Single Stories: America, “Tin Man”
1974 was a “Tin Man” summer for America. Not for the country – although they seemed to like it well enough, based on its chart placing – but for the band.
Written by Dewey Bunnell, “Tin Man” appeared on America’s fourth album, HOLIDAY, which was released in June 1974. Like the album as a whole, the song was produced by George Martin, who also tinkled the ivories on the track, and it was about the Tin Woodman in The Wizard of Oz…except when it wasn’t. As Bunnell told Wesley Hyatt in an interview for The Billboard Book of #1 Adult Contemporary Hits, “It’s sort of poetic license.”

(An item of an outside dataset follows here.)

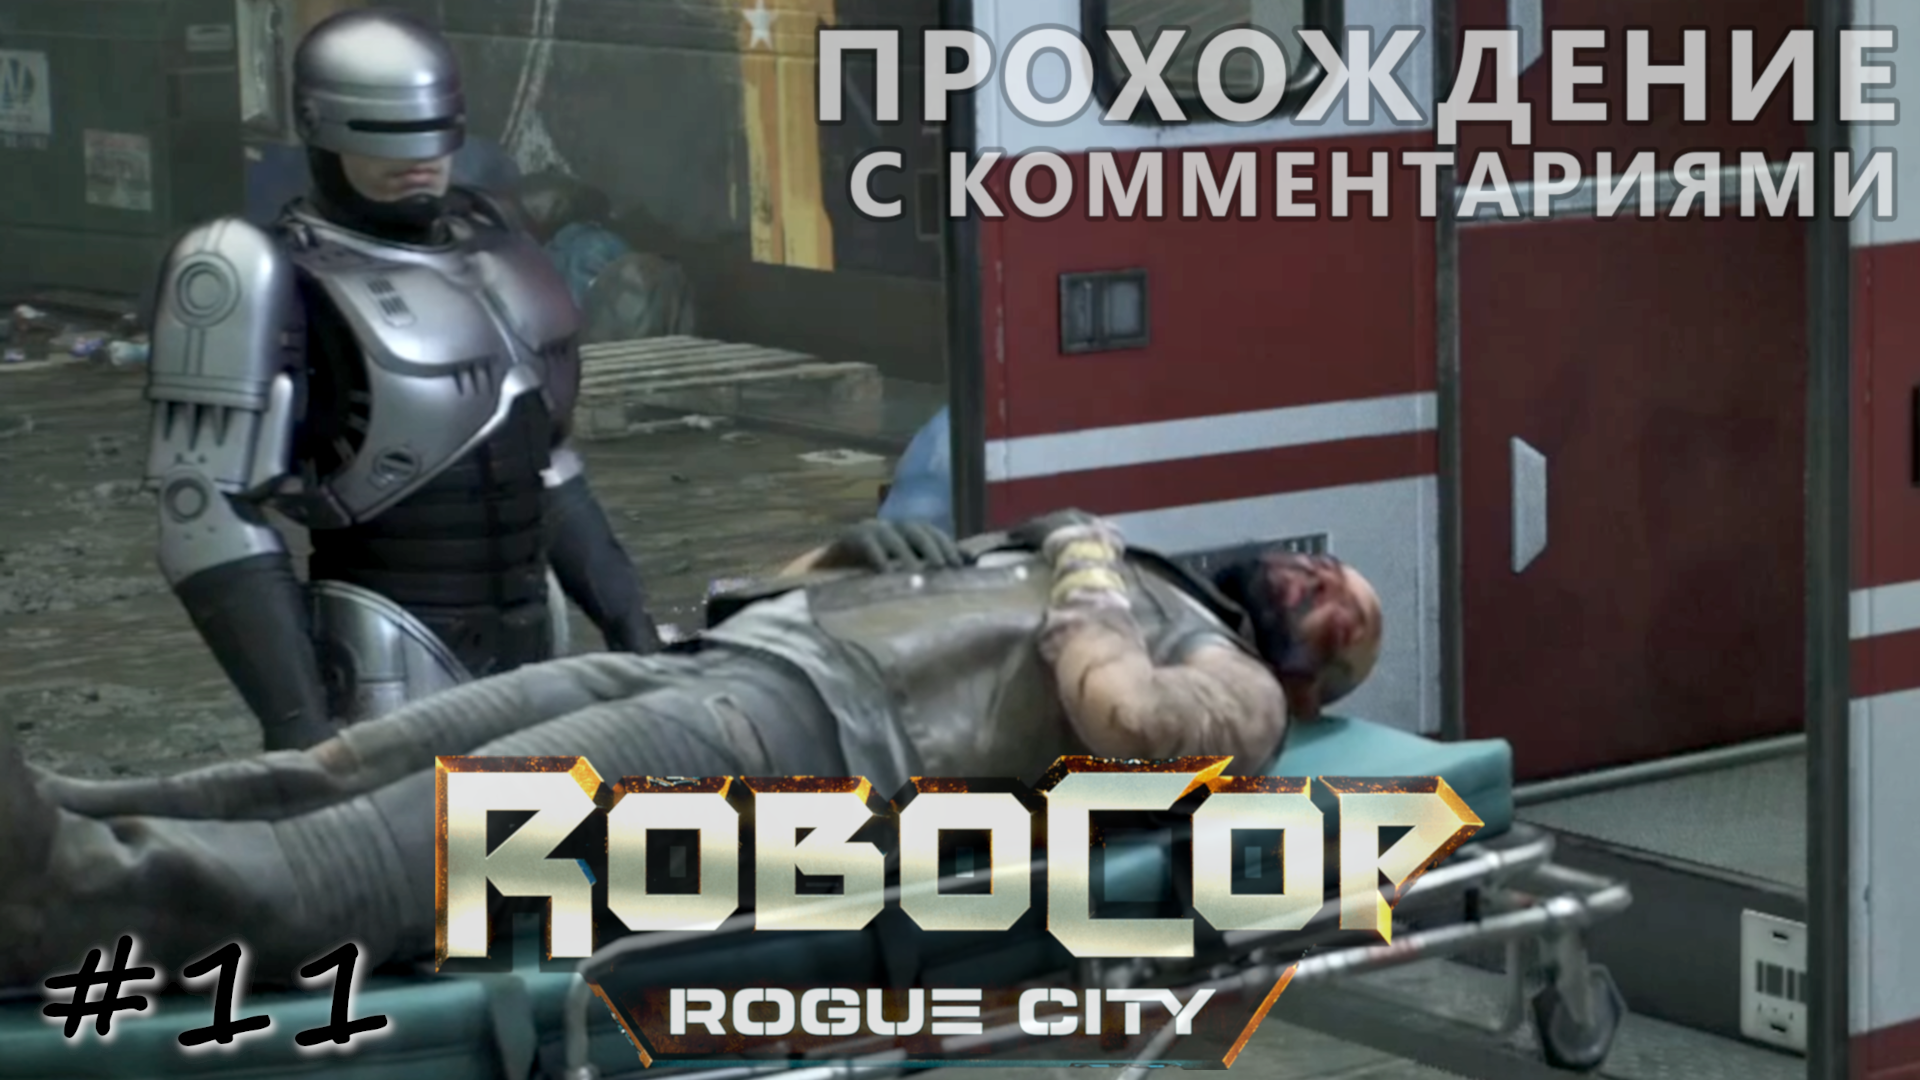 Главарь банды байкеров предан, спасён и арестован - #11 - RoboCop Rogue City

In An American Band: The America Story, Bunnell’s bandmate Dan Peek called the song “quintessential Dewey – easy stream of consciousness with a major seventh acoustic bed,” and revealed that Bunnell actually begged the band not to record it. “Knowing Dewey, it was probably reverse psychology,” said Peek. “If it was, Gerry [Beckley] and I fell for it, insisting it was perfect for the album.”
It was a wise decision, as the band quickly discovered from watching the song’s chart success: not only was it was their fourth top-10 hit on the Billboard Hot 100, but – as you may have deduced from the title of Hyatt’s book – it climbed all the way to the top spot on the Adult Contemporary / Easy Listening singles chart.